Glioblastoma multiforme (GBM) is the most common and lethal primary brain tumor in adults. For most patients, treatment involves surgery followed by both radiation therapy and chemotherapy with temozolomide (TMZ), a DNA alkylating agent. However, not all GBMs are sensitive to TMZ. This has been linked to high levels of activity of the DNA repair protein O6-methylguanine–DNA methyltransferase (MGMT); the majority of patients with a methylated MGMT promoter show increased responsiveness to TMZ. However, not all such patients respond to TMZ, suggesting that other factors contribute to GBM sensitivity to this chemotherapeutic. In this issue (253–266), Agnihotri and colleagues show that the DNA repair protein alkylpurine–DNA–N-glycosylase (APNG) contributes to resistance to TMZ — silencing APNG expression in TMZ-resistant GBM cell lines enhanced TMZ responsiveness, while exogenously expressing the enzyme in TMZ-sensitive GBM lines conferred resistance to TMZ in orthotopic xenograft mouse models. Of clinical significance, high nuclear expression of APNG in clinical samples correlated with poor overall survival. Agnihotri and colleagues therefore suggest that APNG could provide a prognostic marker of responsiveness to TMZ, although this awaits confirmation in predictive and prospective studies.

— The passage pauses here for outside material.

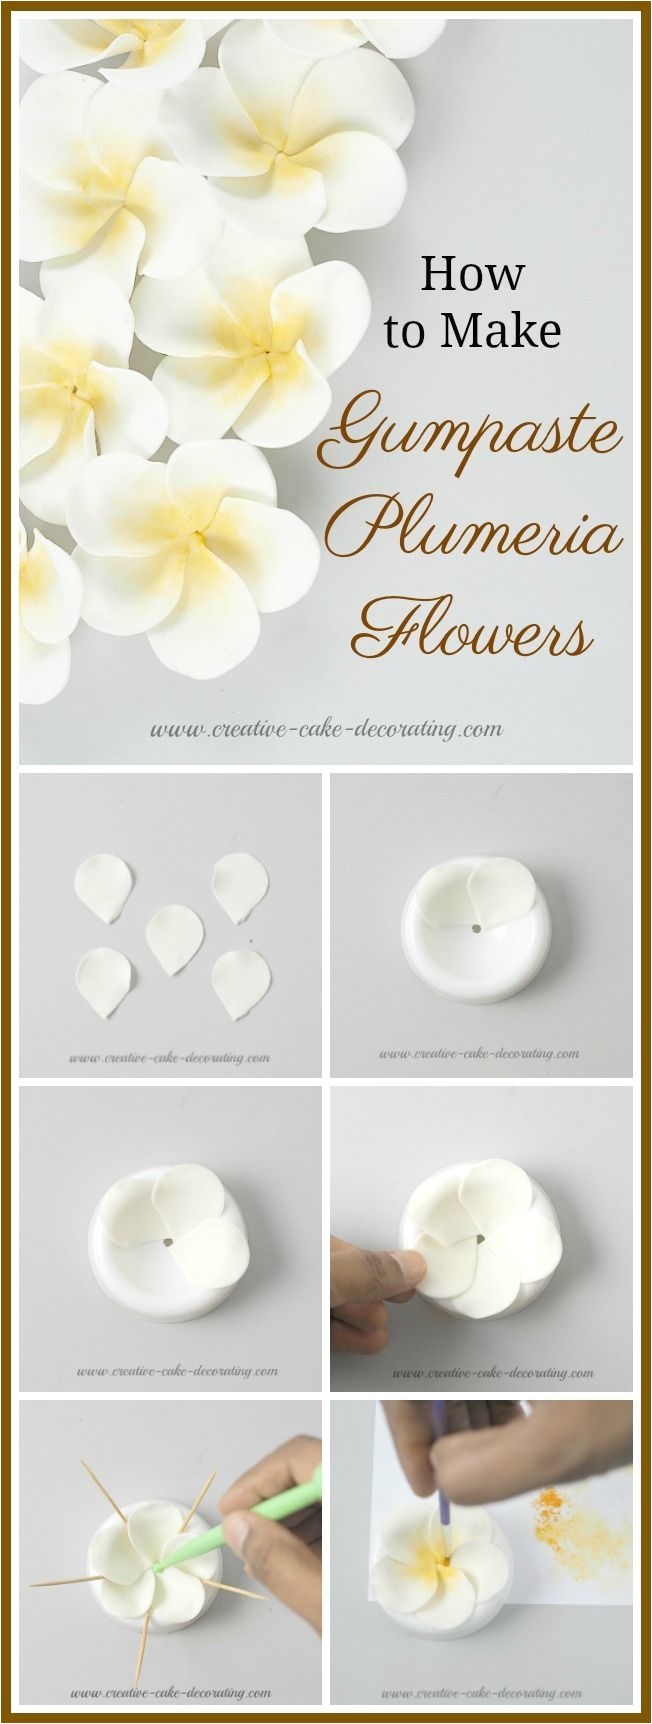 here is a plumeria wedding cake i designed with gumpaste plumeria flowers also known as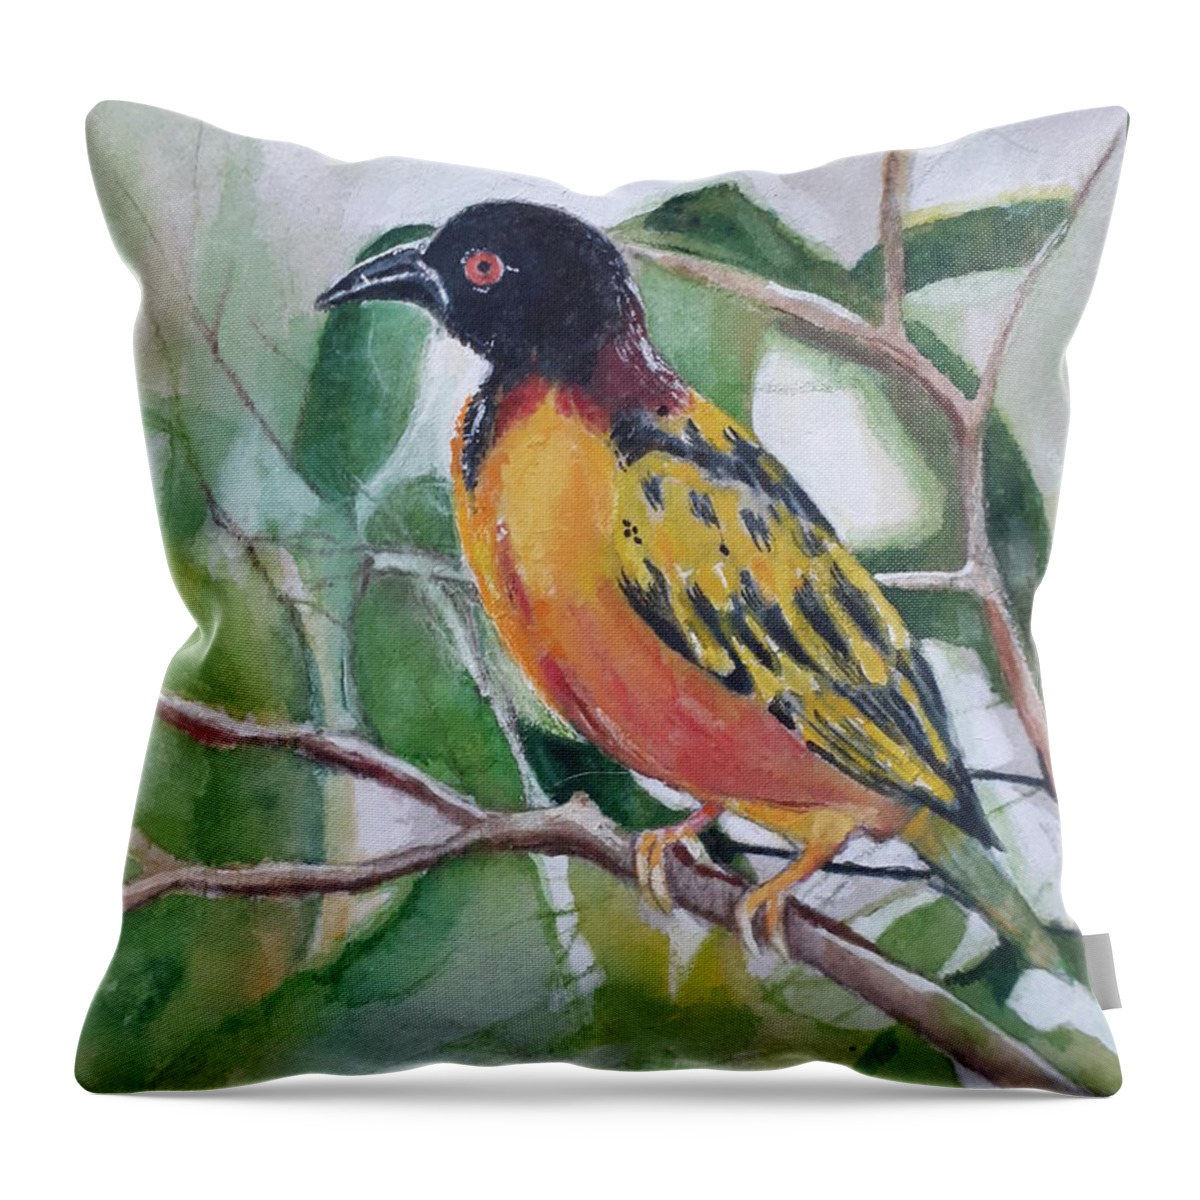 Watercolor Pencils Throw Pillow featuring the painting Bird in black and yellow by Carolina Prieto Moreno

Mast cells are considered to play a critical role in the development of allergic diseases such as asthma as a result of their ability to release a diverse array of proinflammatory mediators upon activation by IgE bound to specific antigen. Histamine-releasing factor (HRF) is a protein implicated in certain forms of allergic disease, but it has not been determined whether it has a role in asthma and how it might contribute to the pathogenesis of allergic diseases. In this issue (218–228), Kashiwakura and colleagues show that HRF can bind to the Fab region of a subset of IgE and IgG antibodies, which is the same Ig region that specific antigen binds. Consistent with this, HRF-bound IgE triggered the activation of mouse mast cells in vitro. Moreover, peptides that blocked the HRF/Ig interaction in vitro suppressed airway inflammation and cutaneous anaphylaxis in mouse models of asthma and skin allergy, respectively. As these data indicate that HRF has a proinflammatory role in asthma and skin allergy, Kashiwakura and colleagues suggest that targeting HRF could be of therapeutic benefit in individuals with these conditions.